Si hablamos de la actitud frente a los deseos y al placer, al contrario, Argentina tiene una nota más elevada que España y Francia, lo que la sitúa más del lado “indulgencia” que “contención”, dándole importancia al hecho de disfrutar de la vida, sentirse libres en sus acciones, tener tiempo libre. España y Francia están en el medio, si bien España tiene un pie más en la categoría “contención”. Esto significa que tiene normas sociales más estrictas limitando así los comportamientos considerados como aceptables. También tiene imperativos que van antes que el placer (se puede matizar este aspecto por la dimensión relativamente colectivista de Argentina, donde la familia es más importante que en Europa).

Para ilustrar estas dos dimensiones, tomemos el ejemplo del sitio de un banco en Argentina y en España. Cada uno va a hacer hincapié en ventajas o productos distintos: por ejemplo, no se hablará tanto del ahorro en el sitio argentino (que tiene una tasa de ahorro baja) ya que la orientación es a corto plazo, y la tendencia a disfrutar es mayor. Para vender productos relacionados al ahorro, tratarán de poner de relieve un lindo viaje o un regalo para dentro de un año, en vez de un proyecto más lejano…
1) un simbolismo y una interpretación de los colores distintos. Por ejemplo, según unos estudios, por lo general, los argentinos aprecian los colores fríos más que los españoles. Lo notamos cuando se comparan publicidades en los dos países, el azul está mucho más presente en Argentina.
2) otros ejemplos que se me ocurren: la delgadez es mucho más (sobre)valorada en Argentina, teniendo asimismo consecuencias sobre cómo presentar la comida (dietética e hipocalórica en Argentina, y preferentemente sabrosa en España). Pasa lo mismo con la juventud (de hecho va de la mano con la orientación a corto plazo: los países con orientación a corto plazo tienden a ver la vejez como un periodo triste del fin de la vida); hay más publicidades que apuntan a las personas de la tercera edad en España que en Argentina.
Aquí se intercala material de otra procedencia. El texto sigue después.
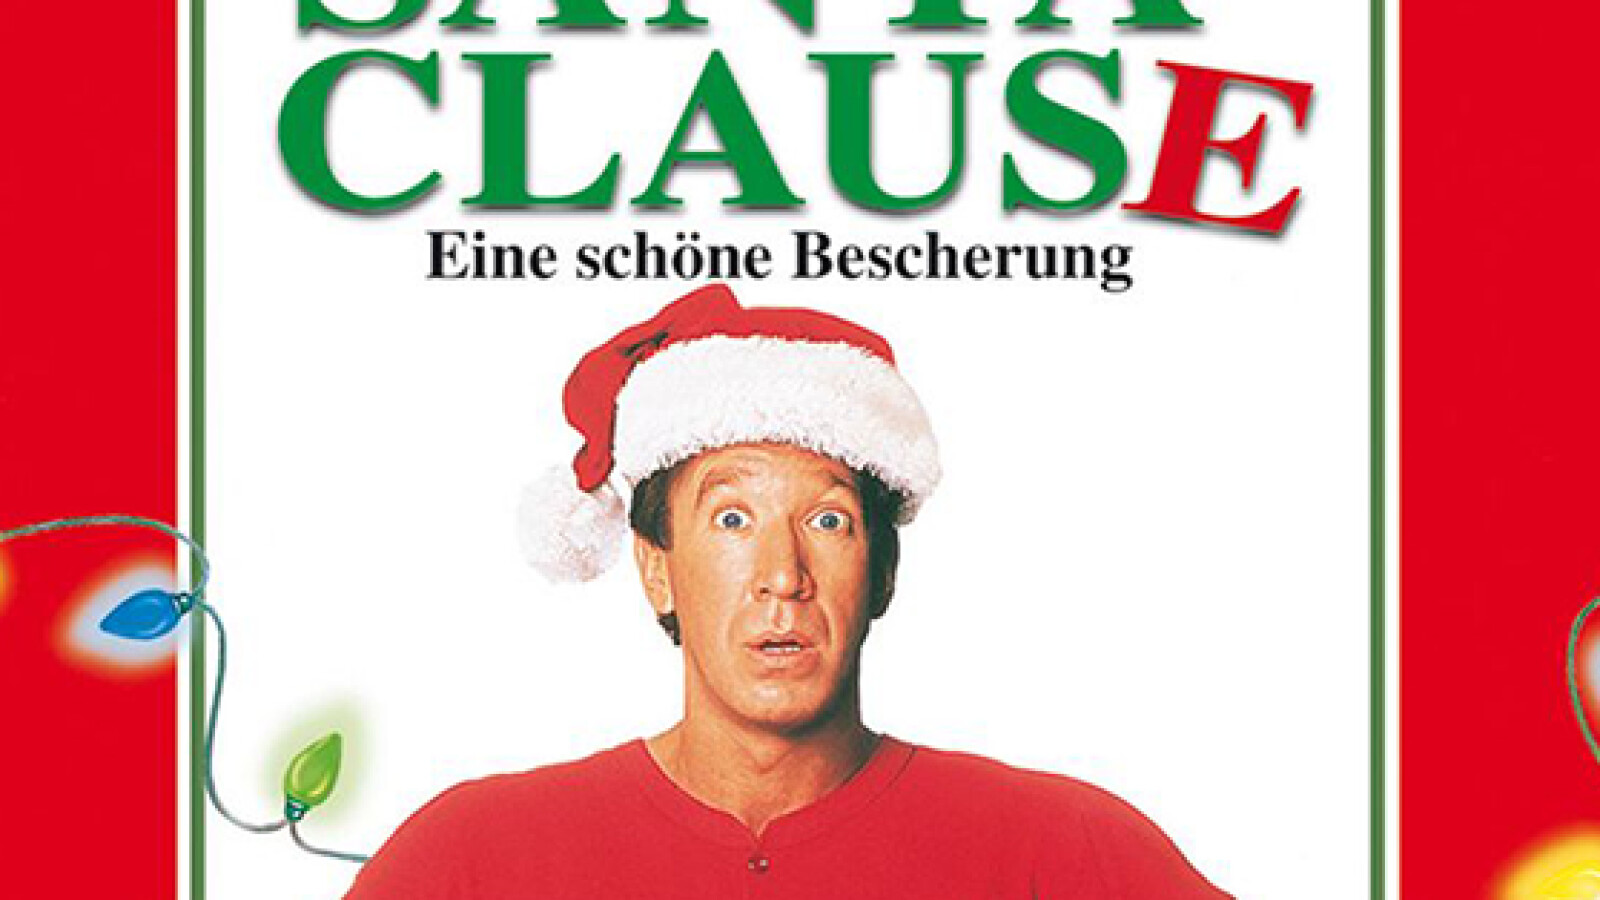 Santa Claus Schöne Bescherung

– ¿Cuál es el valor agregado de un sitio localizado?

– La primera palabra que se me viene a la mente es: ¡inestimable! Siempre es bastante difícil saber exactamente la diferencia que puede marcar un cambio preciso. Por lo general, la localización se inscribe en una estrategia de comunicación que va más allá del sitio Web, y en un sector que además puede evolucionar. En todo caso, localizar permite dirigirse a cada uno de los públicos a los que se apunta, hablando su lenguaje, usando sus referencias culturales y adaptándose a sus valores. Esta estrategia puede tener efectos positivos en términos de clics, o directamente en las ventas, pero también de manera más general, en la imagen de la empresa y su notoriedad a largo plazo.

– ¿Las empresas conocen el concepto de la localización?

– Desconozco si hay estadísticas con respecto a esto, pero “a ojo” diría que el 15% o 20% de los sitios traducidos son localizados (en el sentido en que se adapta al menos uno de los elementos siguientes: los visuales, la estructura, el concepto) y suelen ser los de las grandes empresas. Sigue siendo un campo poco conocido por las PyMES y por lo general le toca al traductor explicarles de qué se trata. En cuanto a las grandes empresas, es distinto, tienden a subcontratar a una agencia que se encarga de todo o suelen tener competencias internas en este ámbito, aunque a veces tenemos sorpresas. Las PyMES ni siquiera se plantean la posibilidad de localizar, y cuando traducen internamente su sitio Web, tienden a calcarlo todo: vocabulario, gramática, estructura del sitio, contenidos, etc. Por eso, el sector de la traducción tiene todo un trabajo de pedagogía para hacer, haciendo hincapié en que no sale necesariamente más caro localizar que “simplemente” traducir. Además, puede ayudar a la empresa a crecer sin dejar de lado los objetivos establecidos.